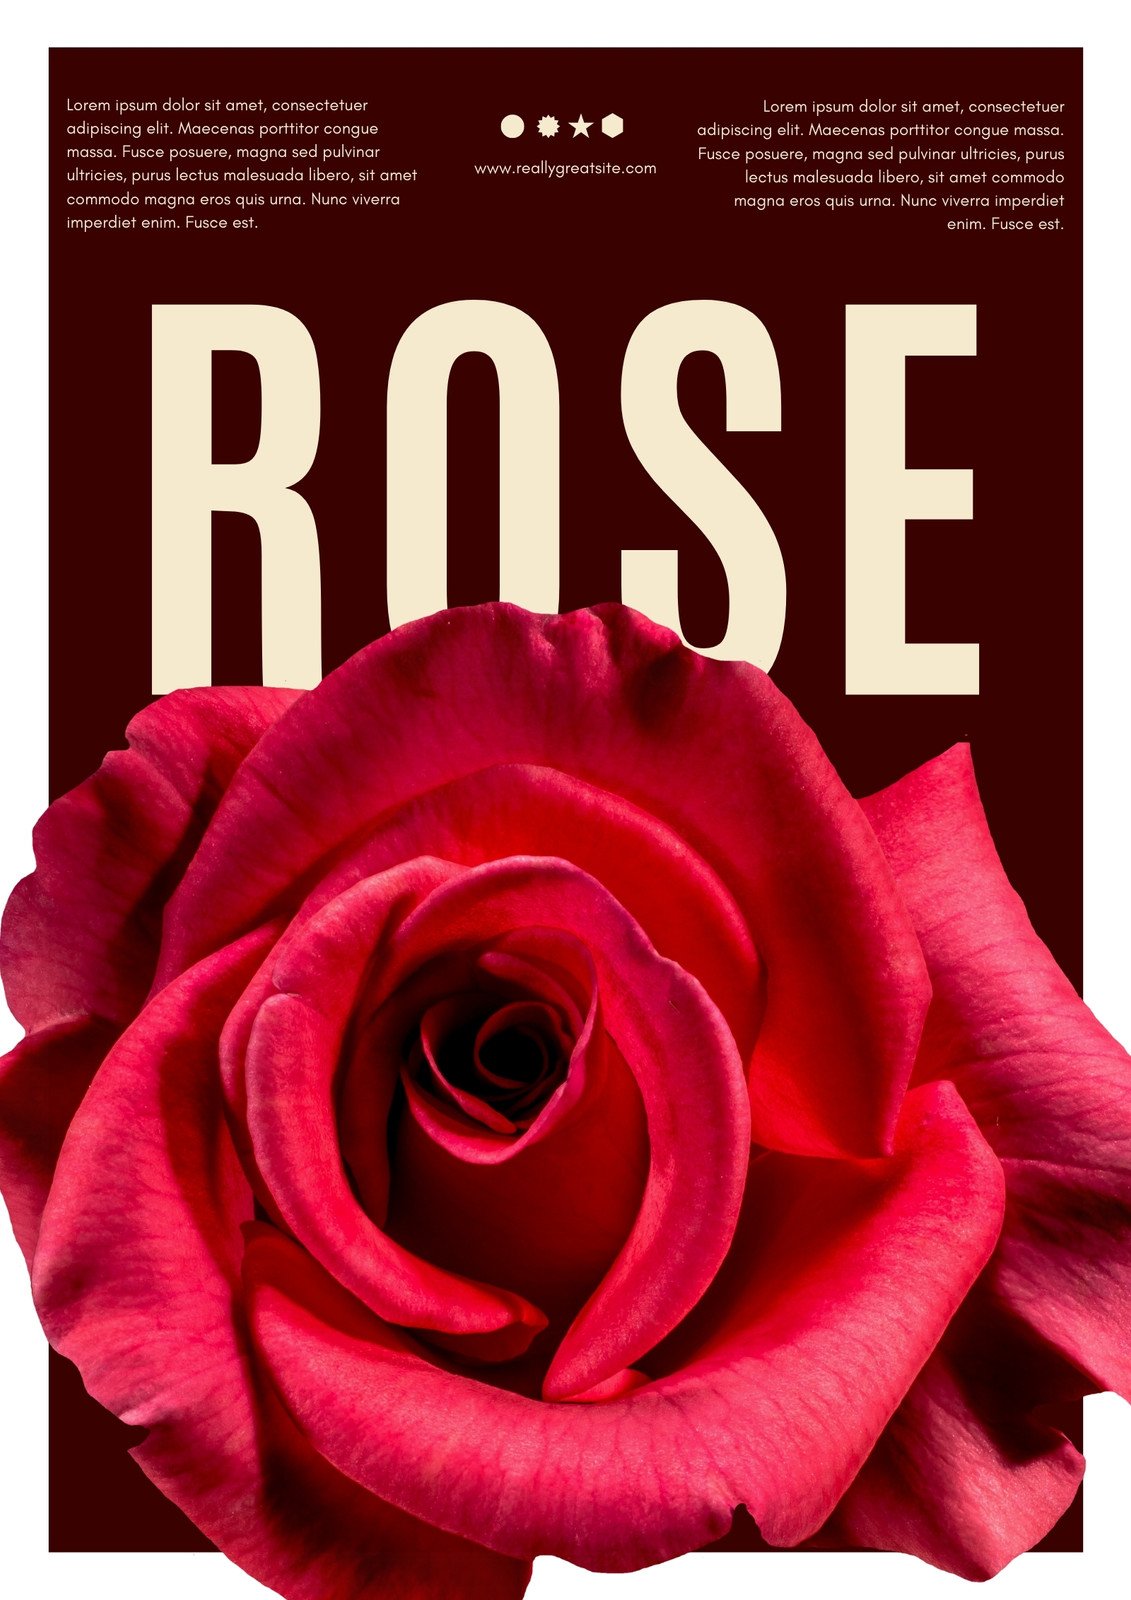 rose flowers cover photo
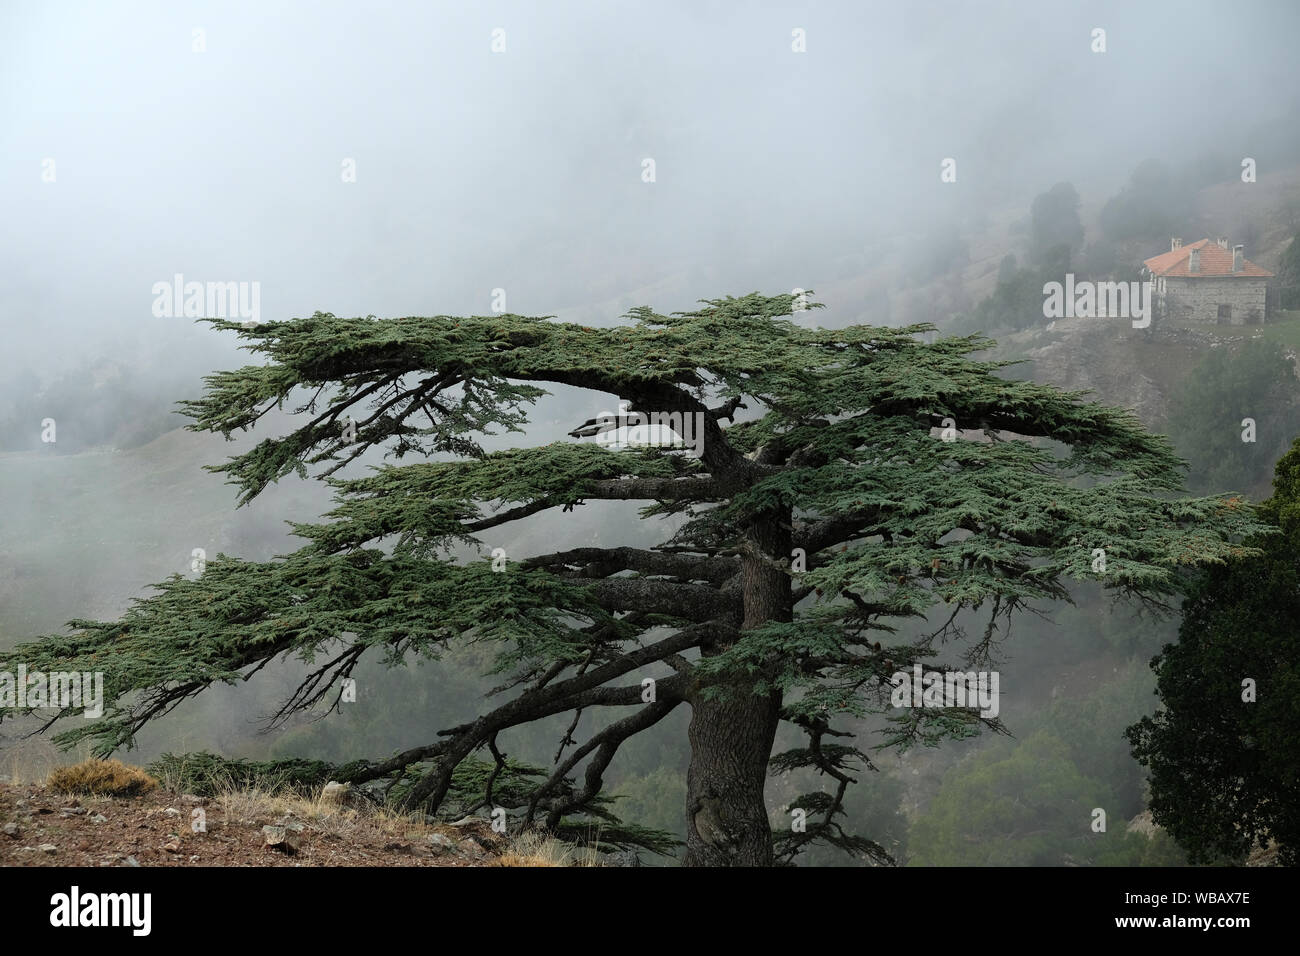 Cedrus libani, commonly known as the cedar of Lebanon or Lebanon cedar, is a species of cedar native to the mountains of the Eastern Mediterranean bas Stock Photo
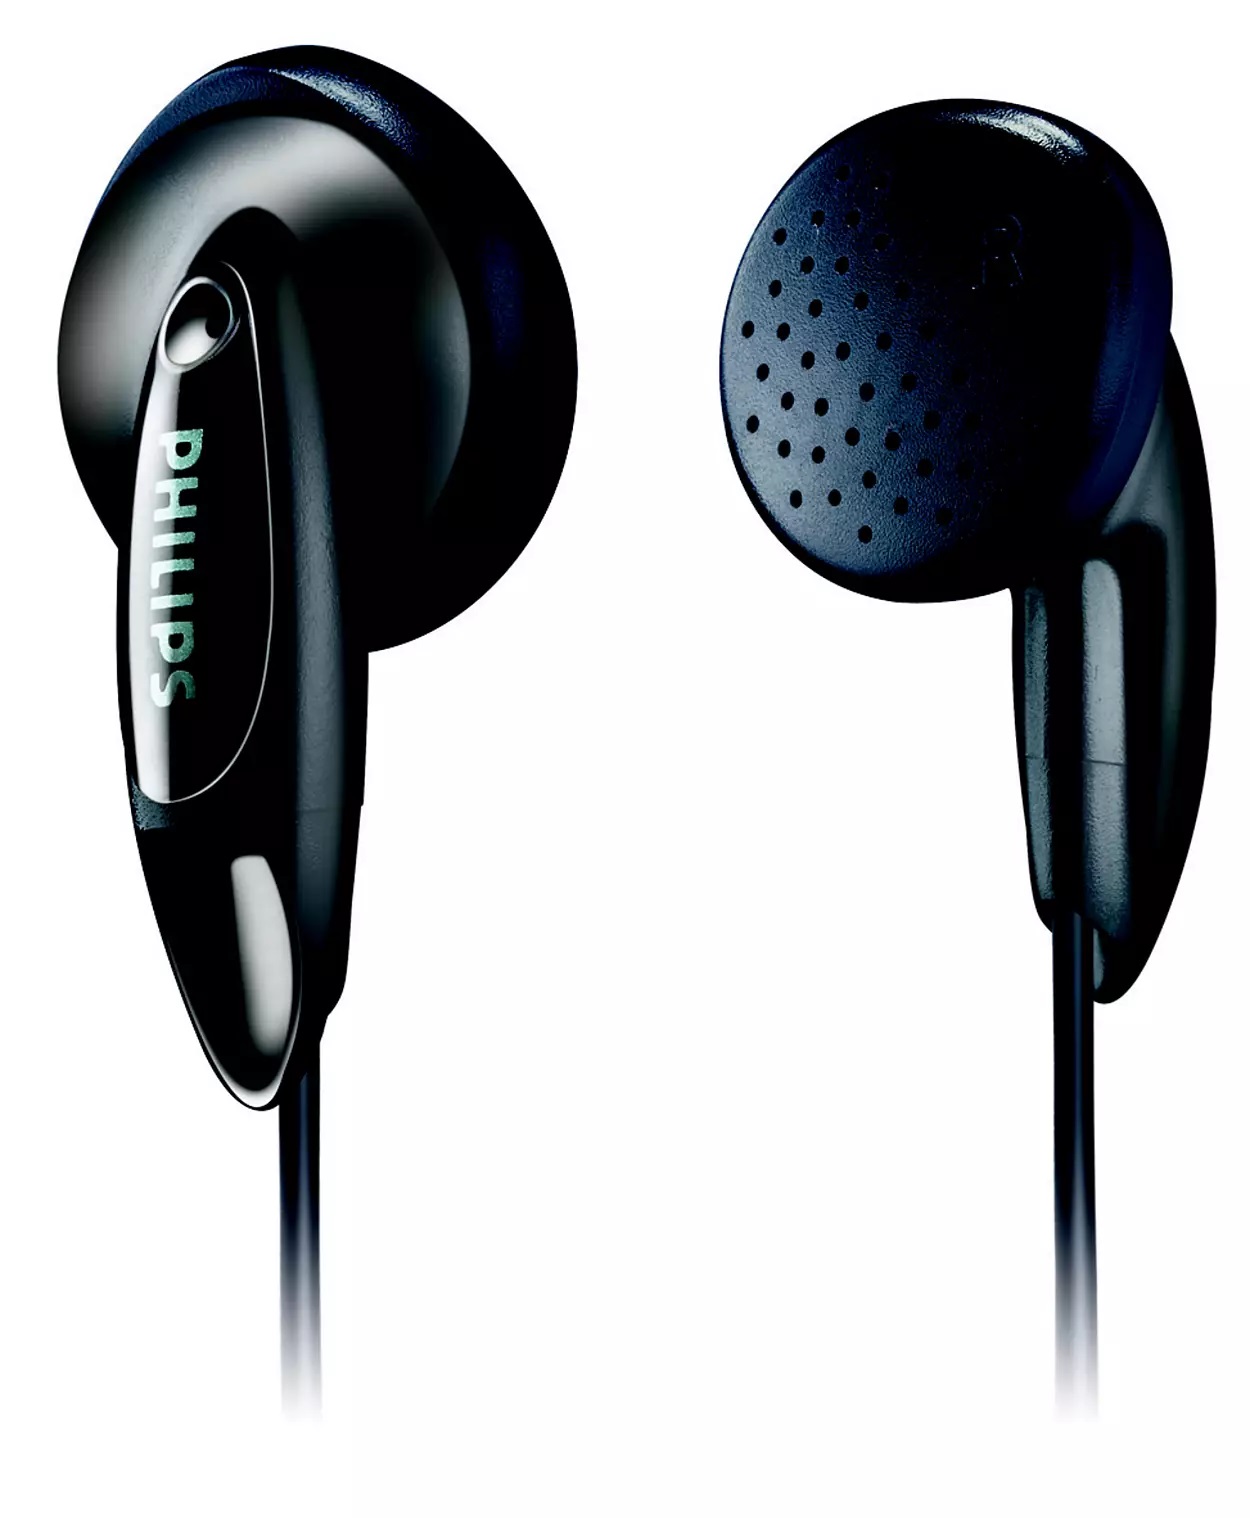 AURICULARES SONY CON CABLE MDR-ZX110P NEGROS - JACK 3.5mm - BMPrint

Task item:
Reproduce exactly the line containing "Cedrus libani, commonly" and every line after it in the material above, up to and including the last. Exclude all pictures.

Response area:
 Cedrus libani, commonly known as the cedar of Lebanon or Lebanon cedar, is a species of cedar native to the mountains of the Eastern Mediterranean bas Stock Photo
 AURICULARES SONY CON CABLE MDR-ZX110P NEGROS - JACK 3.5mm - BMPrint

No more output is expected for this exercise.